I tend to use a lot of slang or jargon in my posts, so I thought I’d make this handy guide for those who are still new to the World of Warcraft (or anyone else who may be unfamiliar with it). Have a WoW term that you need defined? Just ask in the comments section.
AE or AoE: Shorthand for Area of Effect. This is a type of spell that effects multiple targets with a single cast. This can refer to both damaging spells and healing spells or buffs.
Aggro: The player that is currently being attacked and/or targeted by the enemy is considered to have Aggro. Usually (but not always) the player with the highest threat will have aggro. It is the tank’s job to try to maintain aggro on all mobs so that his less-sturdy teammates do not take as much damage. DPS and Healers should try to avoid aggro whenever possible, since in dungeons or raids, some enemies can kill a character in one hit.
Ankh: Shaman have the ability to resurrect themselves, even during combat. The self-resurrection is named Reincarnation, but is often referred to as an Ankh or Ankhing because of the reagent cost (the reagent required is an ankh). This is not generally considered to be a true battle rez because it may only be used on the shaman himself: it cannot be used on another character. Additionally, it has a prohibitively-long cooldown that prevents it from being a staple for either wipe-prevention or wipe-recovery.
Combat Ressurection (Battle Rez, BRez): Only druids can resurrect a dead character during combat. The spell is called Rebirth and as of this posting it has a 10 minute cooldown and requires a reagent to use (many druids use a glyph to be able to skip the reagent cost). It may be cast on any party member that has died, but cannot be used as a self-rez. For other varieties of in-combat resurrection, see Ankh and Soulstone.
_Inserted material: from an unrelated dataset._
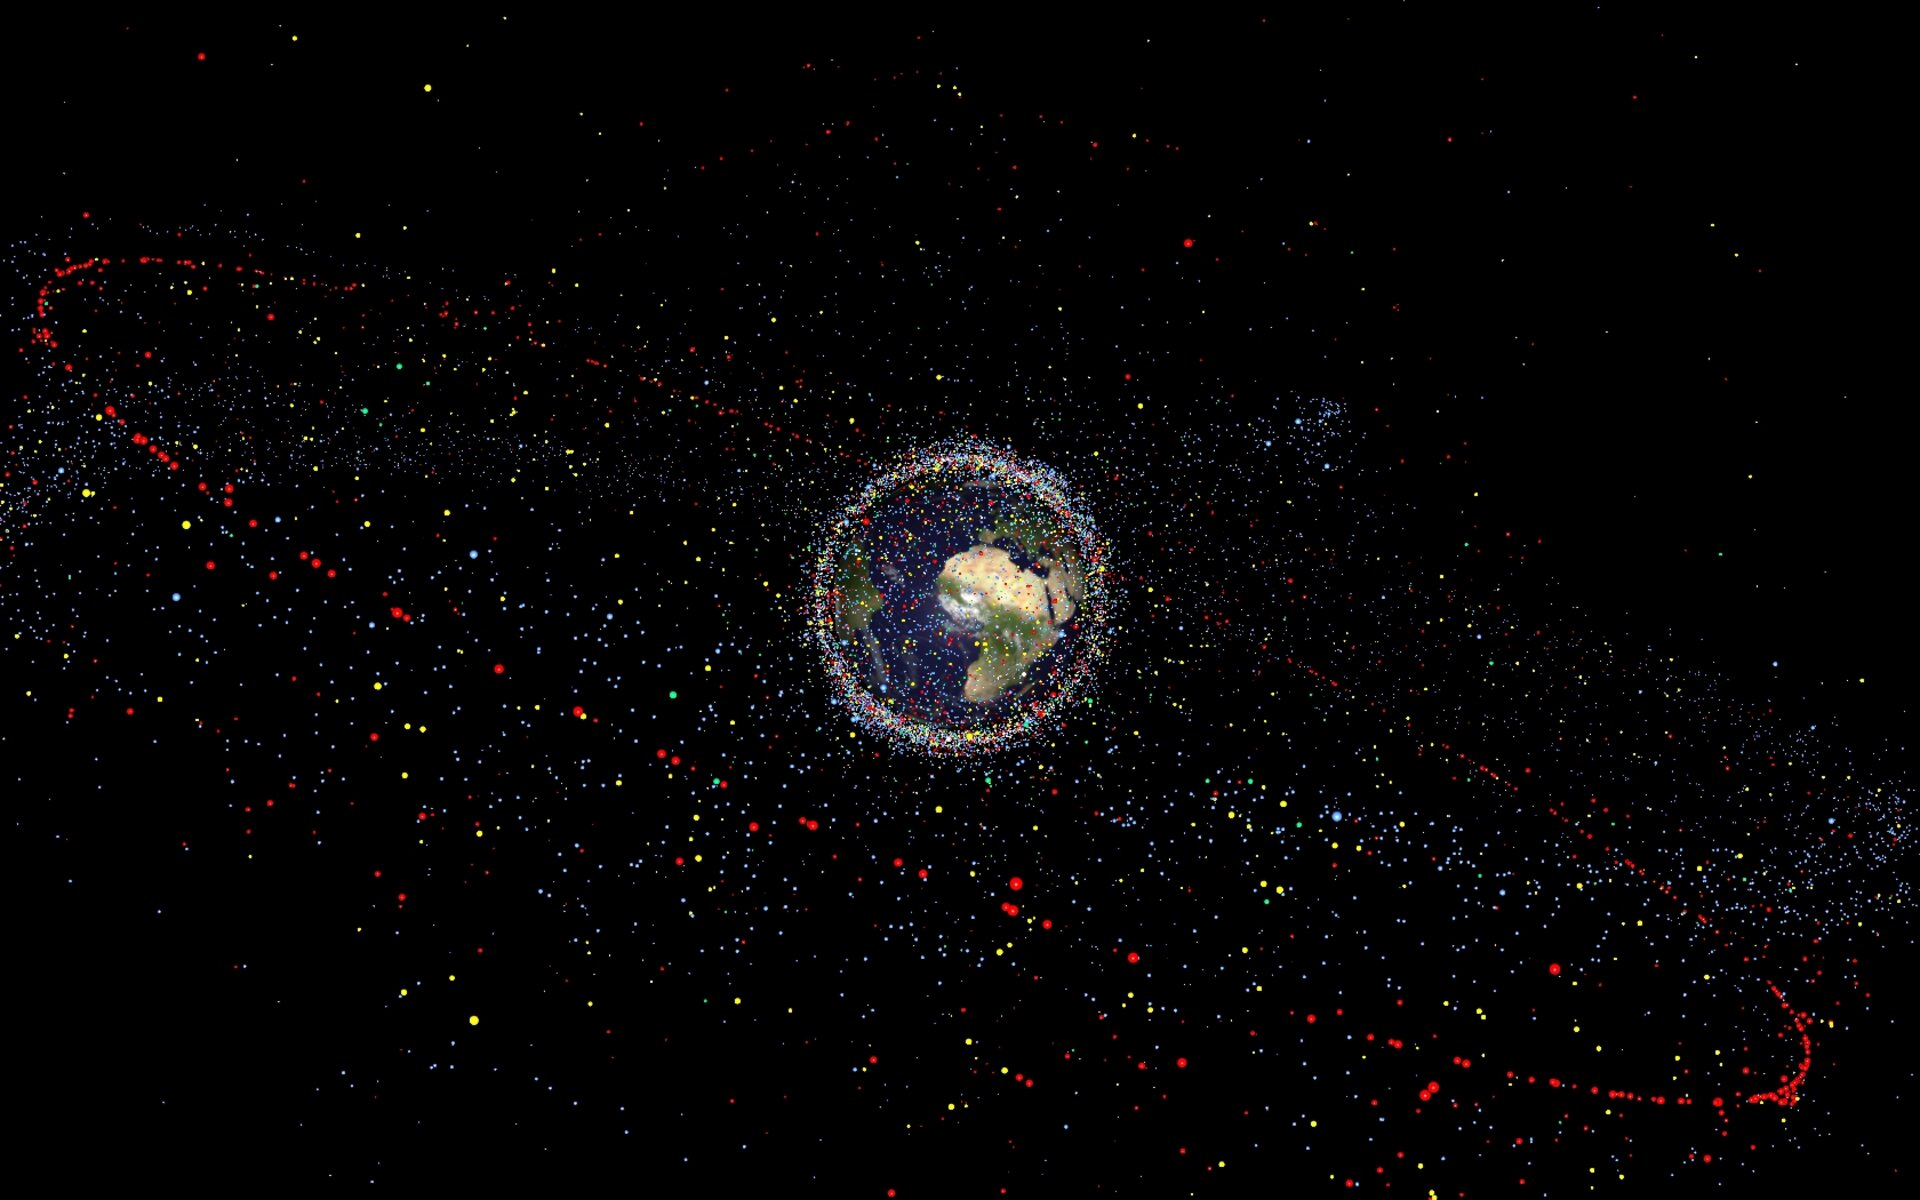 Distribution of debris around the Earth

Cooldown (CD): A Cooldown is the amount of time you must wait between uses of an ability. If you must wait 12 seconds after using an ability to use that ability again, then it has a 12-second cooldown (commonly abbreviated as 12s
Damage Over Time (DOT): Damage Over Time refers to damage dealt to an enemy in several small pieces over a given time period. For example, if a Warlock’s Corruption spell deals 12k damage, it does so in 6 increments of 2k, spaced 3 seconds apart over 18 seconds. This is the opposite of Direct Damage.
Direct Damage: Direct Damage refers to damage dealt to an enemy in a single chunk. For example, if a Mage’s fireball spell deals 12k damage, it does so in a single hit. This is the opposite of Damage Over Time.
Direct Heals: Direct Heals refers to healing done to a friendly player in a single chunk. For example, if a Paladin’s Holy Light heals for 12k health, it does so in a single heal. This is the opposite of Healing over Time.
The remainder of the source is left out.